Task requirements
In the listing below, locate the line that contains "Green lizard by Keren Kopal" and the line that contains "Tranquil Teal (DE". Restate word for word those two lines and every line between them, and nothing else.

Exercise material
┄┄┄┄┄┄

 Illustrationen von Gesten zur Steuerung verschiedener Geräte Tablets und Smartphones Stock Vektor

┄┄┄┄┄┄

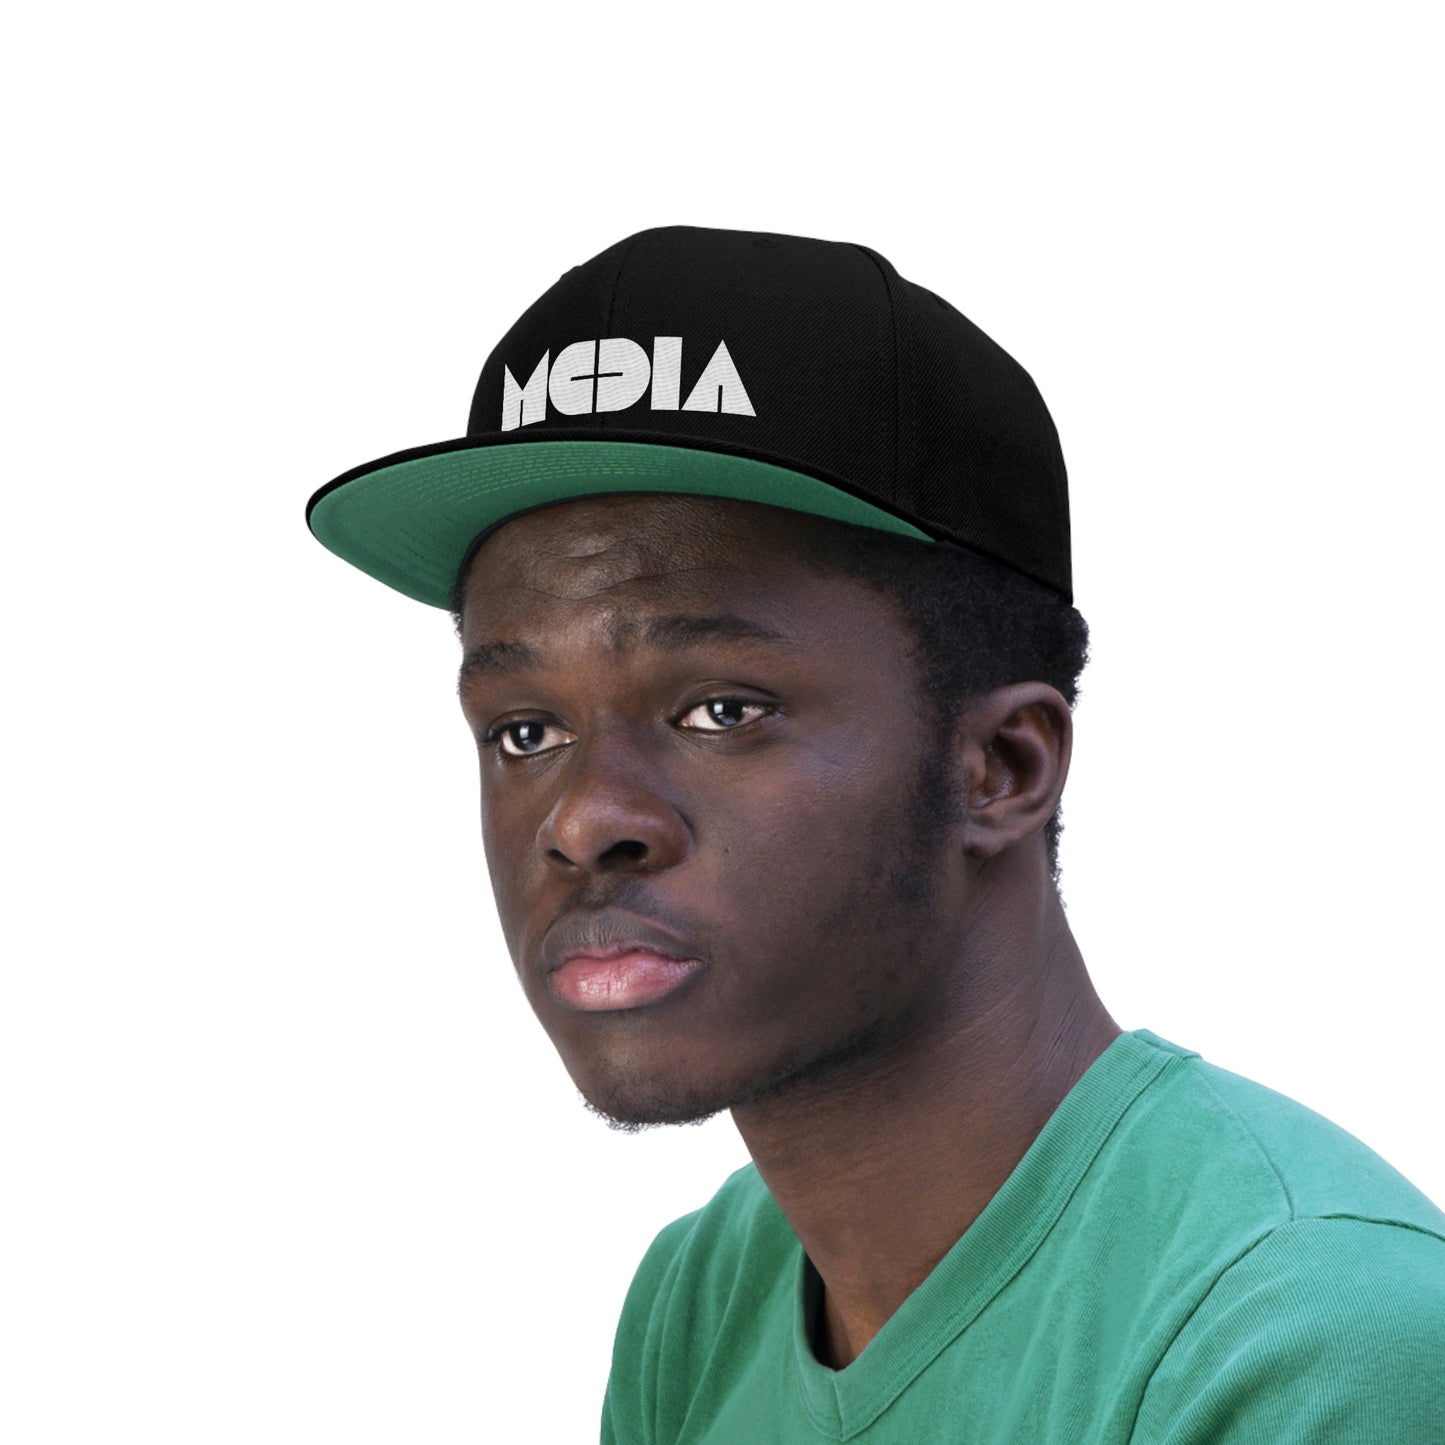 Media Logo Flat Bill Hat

┄┄┄┄┄┄

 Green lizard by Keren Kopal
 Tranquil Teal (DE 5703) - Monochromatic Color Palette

┄┄┄┄┄┄

Solution
 Green lizard by Keren Kopal
 Tranquil Teal (DE 5703) - Monochromatic Color Palette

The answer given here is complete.